Esta manobra é tão simples que desafia todas as palavras. Basta abrir os olhos até a alma e deixar-se penetrar pela evidência. Eu não trago para aqui nenhuma receita nova, nenhuma fórmula original na arte da salvação: pobre, na realidade, de tudo o que falta ao homem, e rico em potência do bem infinito que Deus oferece a todos, não me exceptuo da miséria comum, nem da comum esperança, e não sinto em mim qualquer privilégio para revelar aos outros o segredo que eles trazem consigo: a minha única ambição é convidar aqueles que me lerem a fazer coincidir o seu olhar com a gota de luz eterna que é o vestígio e o germe de Deus no homem. Porque a morte---o único futuro isento de mentira---nos espera, seguindo a altitude dos nossos votos e esperanças como uma nova ou como um algoz, e de todos os movimentos da nossa alma, nada subsistirá além da nossa participação naquilo que, não tendo origem no tempo, não morrerá com ele. Cronos não devora senão os seus próprios filhos.

Este cuidado do bem nu e transcendente tornou-me, porventura, por vezes, nimiamente severo para com certos valores temporais que correspondem a indiscutíveis necessidades, mas que a idolatria dos homens transforma incessantemente em refúgios contra o infinito. Quero falar não sòmente dos inumeráveis compromissos morais e sociais, mas também de todas as virtudes humanas que não ocultam no fundo delas próprias não sei que amargura de exílio e o germe do poder de se ultrapassarem. E que dizer, então, dos ídolos que pertencem especialmente ao nosso século e que captam a seiva religiosa ainda mais perto das raízes: o conformismo do não conformismo que faz da revolta uma escravidão e da evasão um cárcere, o mito do progresso e do "sentido da história" que afoga a eternidade nas vagas do tempo, o mito do social que é a negação e a máscara da caridade?

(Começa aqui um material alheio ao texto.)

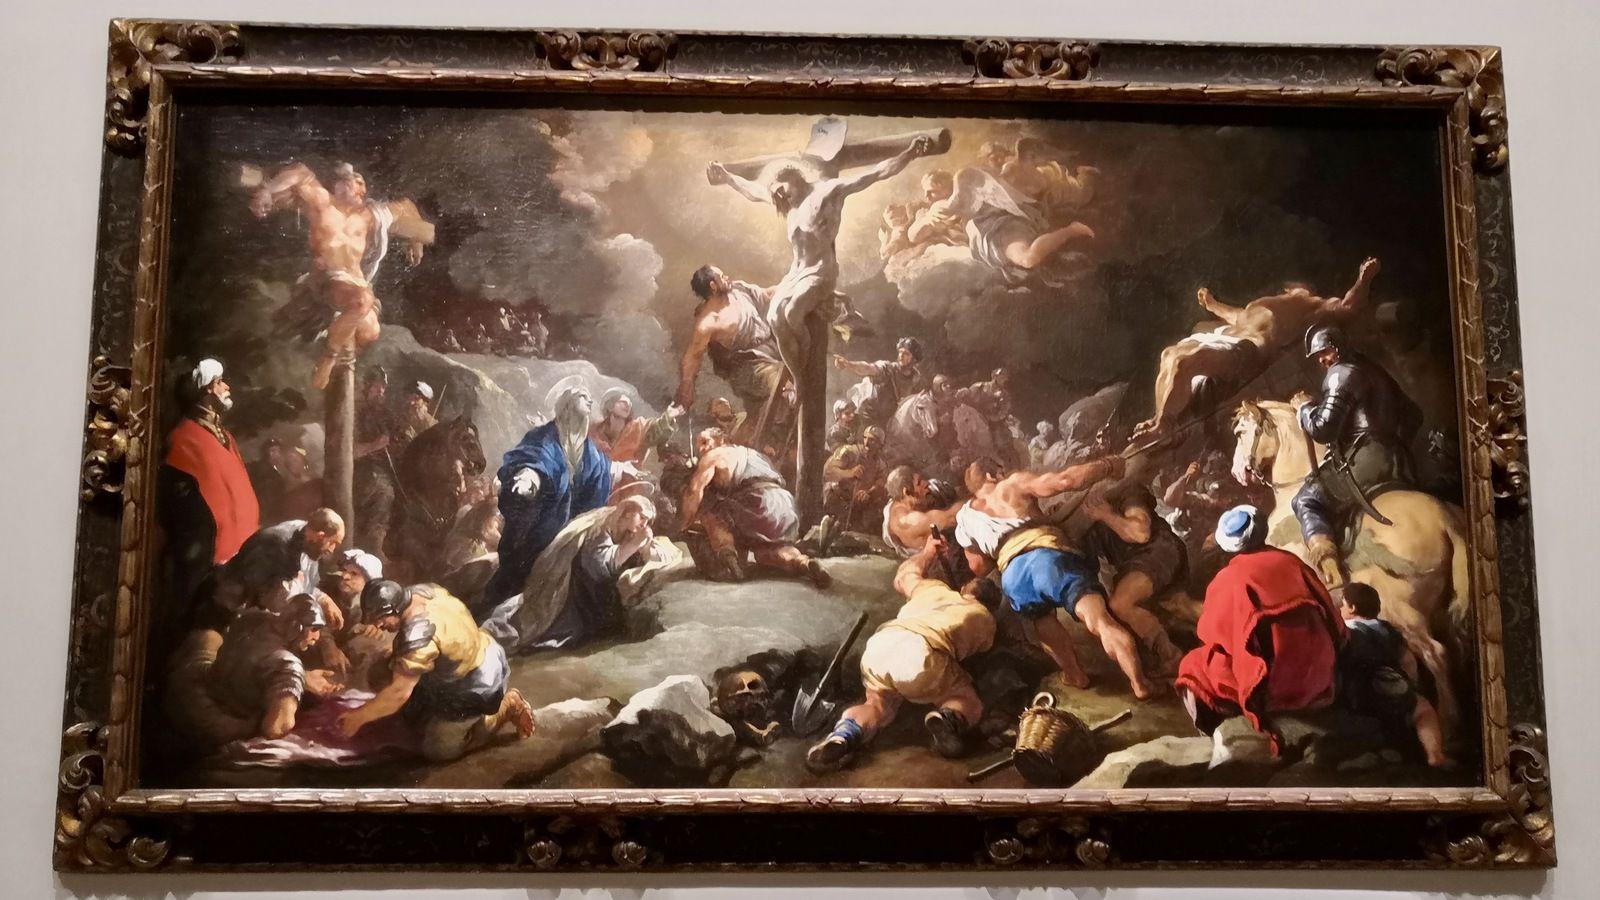 Luca Giordano, le Calvaire, Huile sur toile, Tolède, Madrid, Fondo cultural Villar-Mir

Regozijava-me há pouco de ver o homem bastante despojado de si mesmo para só ter recursos em Deus. Mas outras vezes pergunto-me se ainda lhe resta bastante substância humana para que o divino possa enxertar-se nele. A violação generalizada dos ritmos da natureza e da vida, a extinção progressiva das diferenças e hierarquias, o indivíduo transformado em grão de areia e a sociedade em deserto; a sabedoria substituída pela instrução, o pensamento pela ideologia, a informação pela propaganda, a glória pela publicidade, os costumes pelas modas, os princípios por receitas, as raízes por varas; o esquecimento do passado a esterilizar o futuro; a perda do pudor e do sentimento do sagrado; a máquina sobrepondo-se à alma e modelando-a à sua imagem---todos estes fenómenos de erosão espiritual aliados ao orgulho prometeano das nossas conquistas materiais não nos farão correr o risco de sermos conduzidos até este grau de esgotamento nas coisas vitais e de suficiência no artífice, acima do qual a piedade de Deus assiste, impotente, às decadências do homem?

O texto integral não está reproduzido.